I'm thinking , 10 acres in the woods,. Driveway 1/2 mile long... At night can't hear a car with loud exhaust,. Or a teenager with the thump-thump music for morons blearing....


----------



## LA Copper (Feb 11, 2005)

USM C-4 said:


> I'd sorta like a Norman Rockwell kinda place... a victorian on Main Street where I can sit on the porch in my rocking chair and watch the July 4th parade go by... and walk to the corner coffee shop, or bar, or breakfast place, or whatever. That small town life wouldn't be bad.


After almost 30 years working in the big city, I'm thinking of pretty much the same thing back there in New England. Although a movie theater and a golf course nearby would be nice too.


----------



## pahapoika (Nov 5, 2006)

Have thought about living out in the desert as well,








Now if I can just talk the wife into it


----------



## LA Copper (Feb 11, 2005)

pahapoika said:


> Have thought about living out in the desert as well,
> View attachment 9057
> 
> Now if I can just talk the wife into it


Pahp, having driven through the desert many times on the way to Las Vegas, I can tell you that you'd certainly have plenty of "open space" to yourself, that's for sure!

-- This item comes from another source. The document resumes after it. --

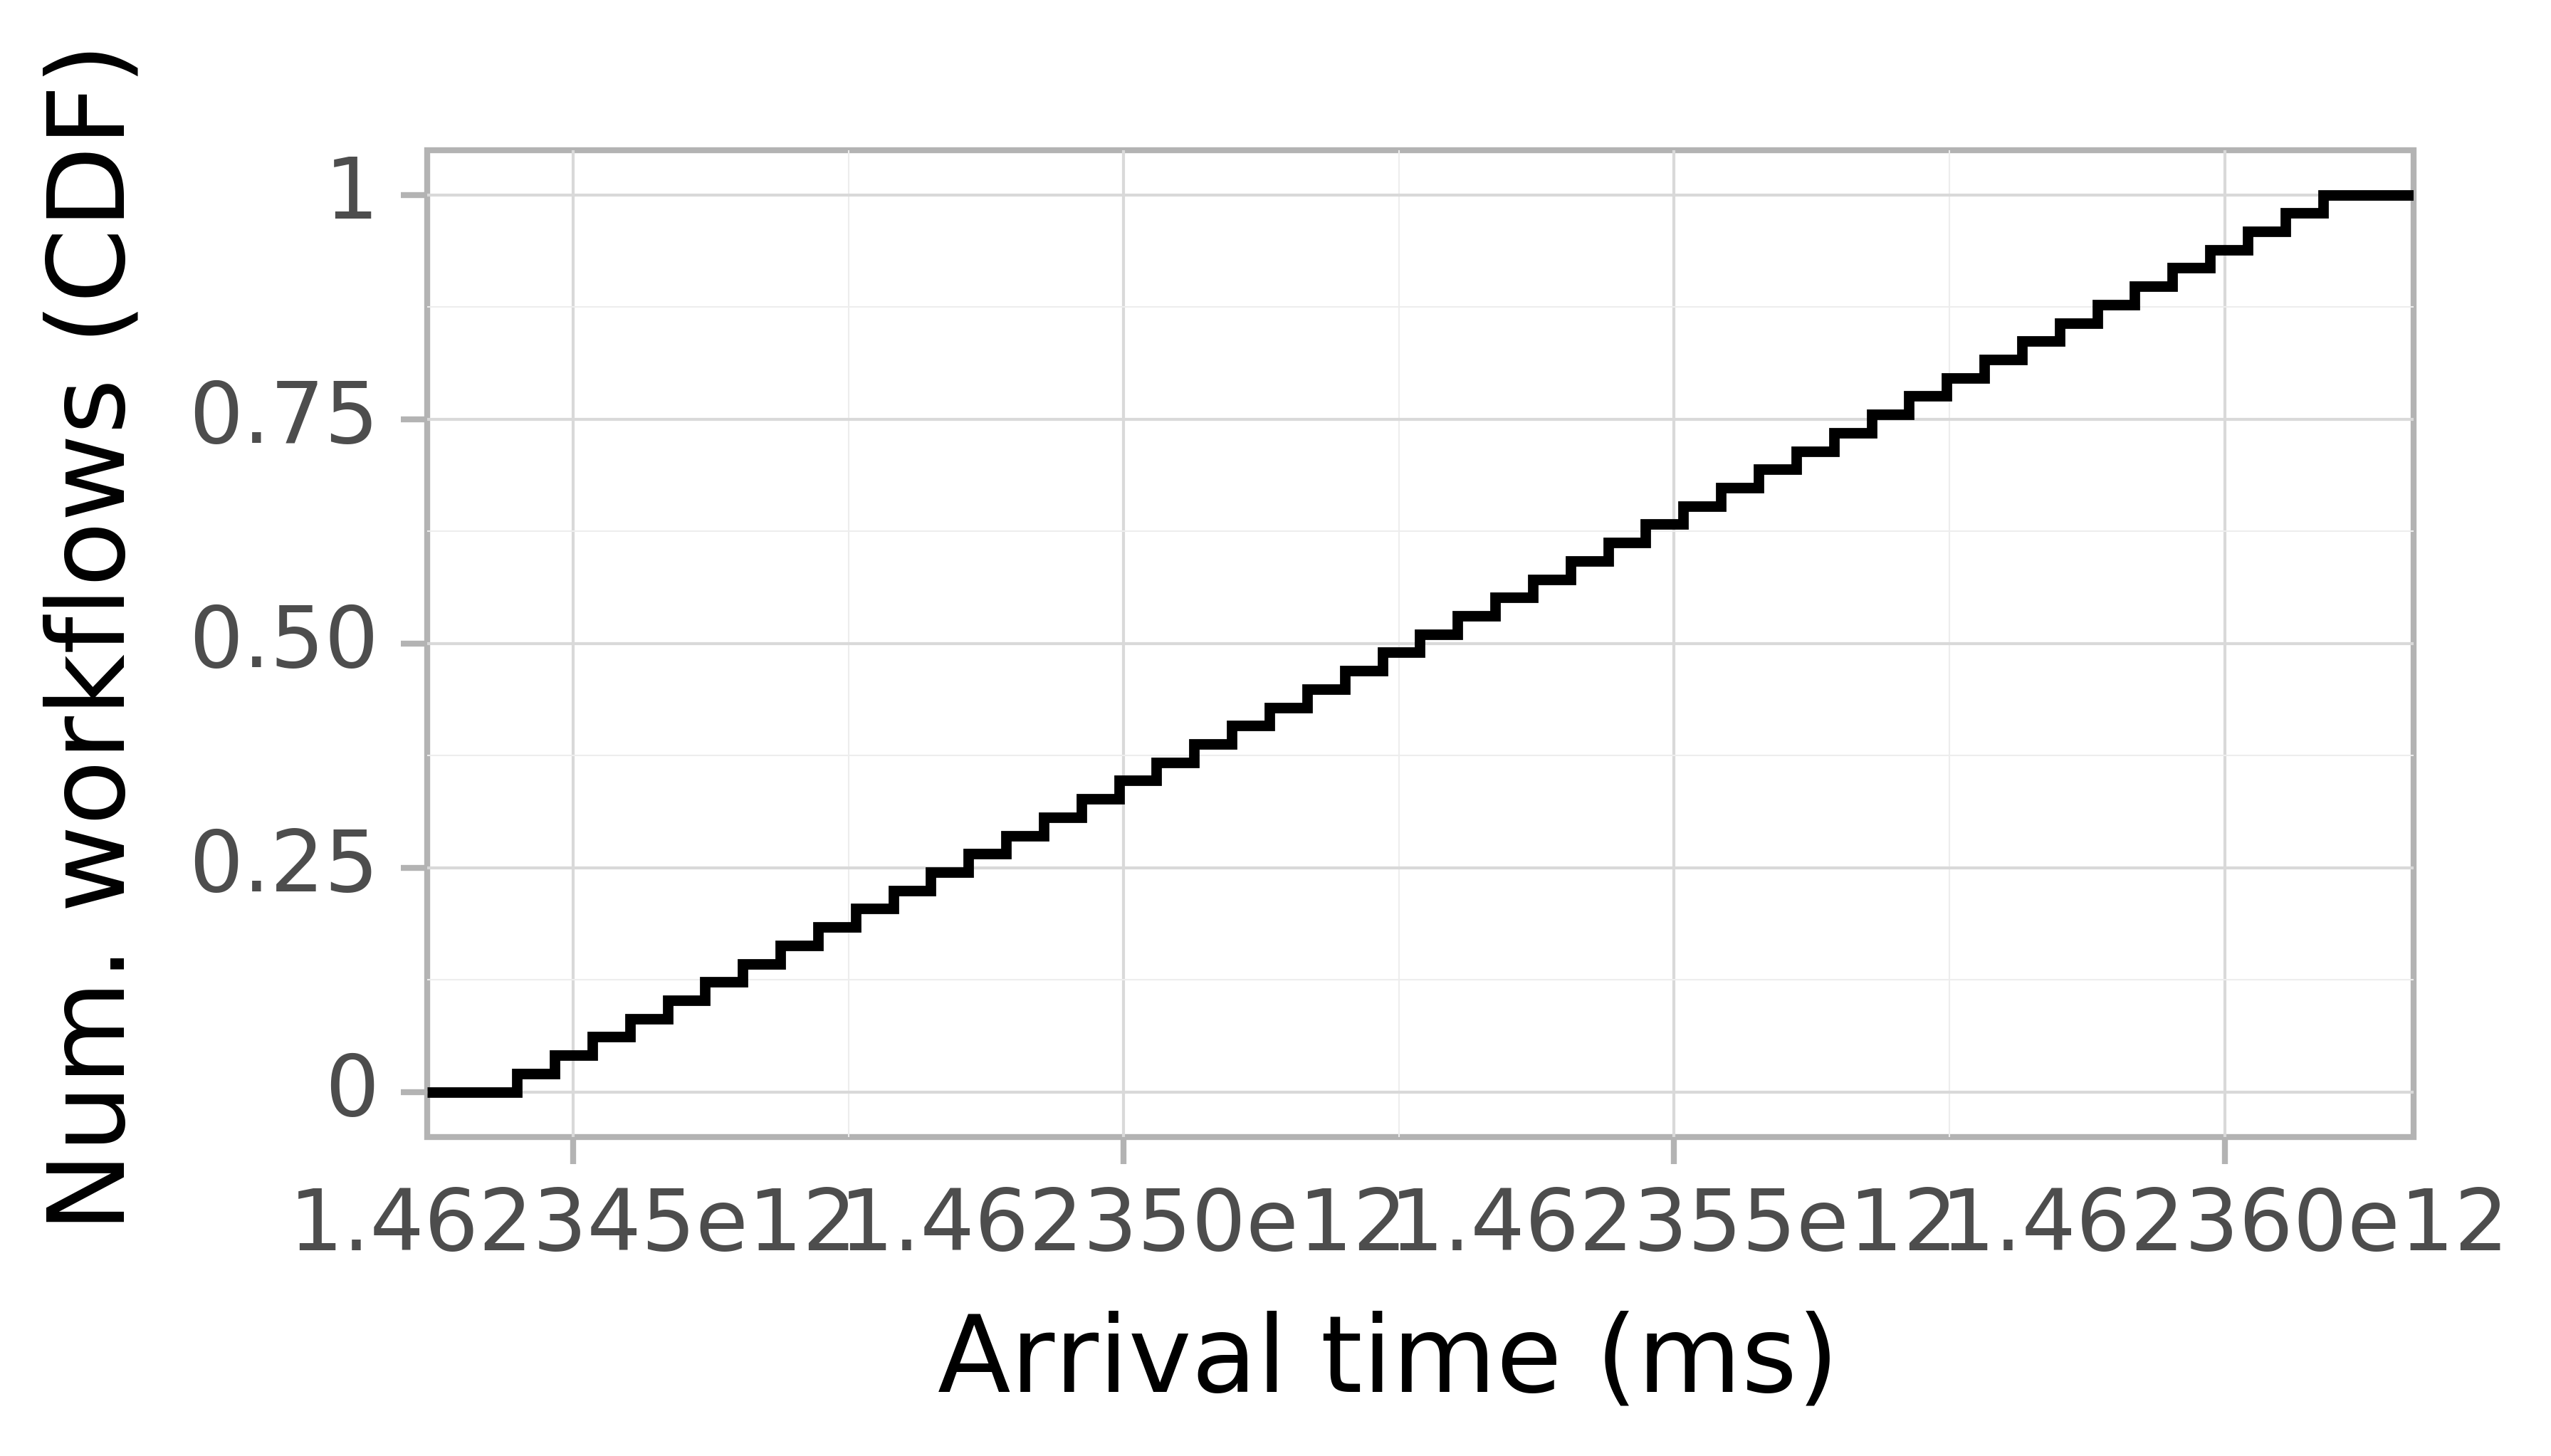 Job arrival CDF graph for the askalon-new_ee56 trace.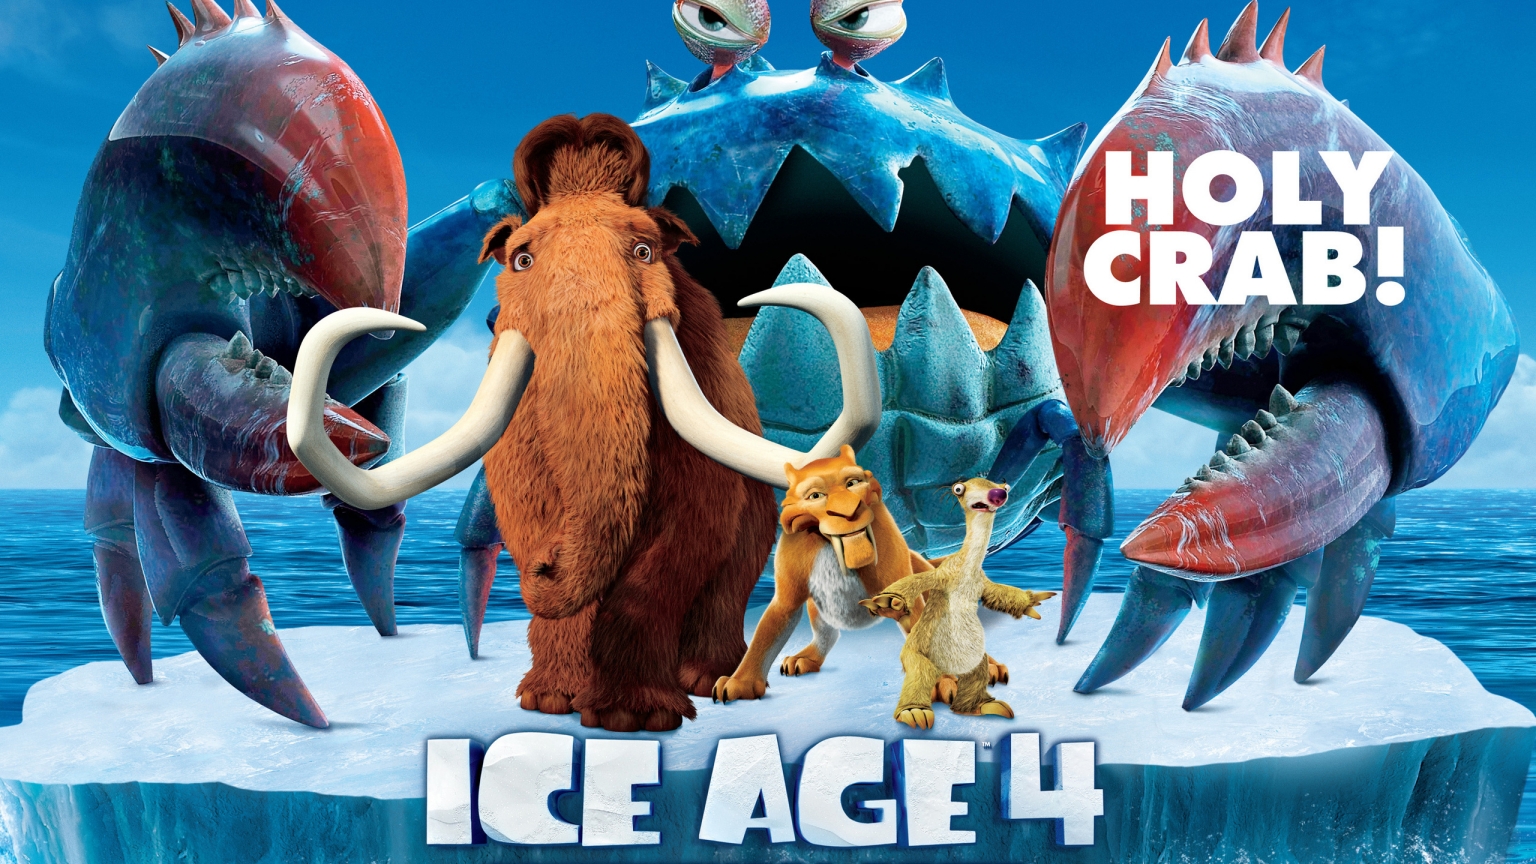 Ice Age 4 Holy Crab for 1536 x 864 HDTV resolution

Is that picture from the movie Tremors?


----------



## Treehouse413 (Mar 7, 2016)

USM C-4 said:


> So, after a nice career with a SE Mass agency, in 2005 I moved to Mississippi, where I fell into a nice second career as a campus cop.
> 
> But, all good things come to an end.
> 
> ...


I've lived here all my life. There's some nice places to live but some have high taxes just have to your research.


----------



## pahapoika (Nov 5, 2006)

LA Copper said:


> Pahp, having driven through the desert many times on the way to Las Vegas, I can tell you that you'd certainly have plenty of "open space" to yourself, that's for sure!
> 
> Is that picture from the movie Tremors?


Yup  drove through there on the way home. Totally reminded me of that movie.


----------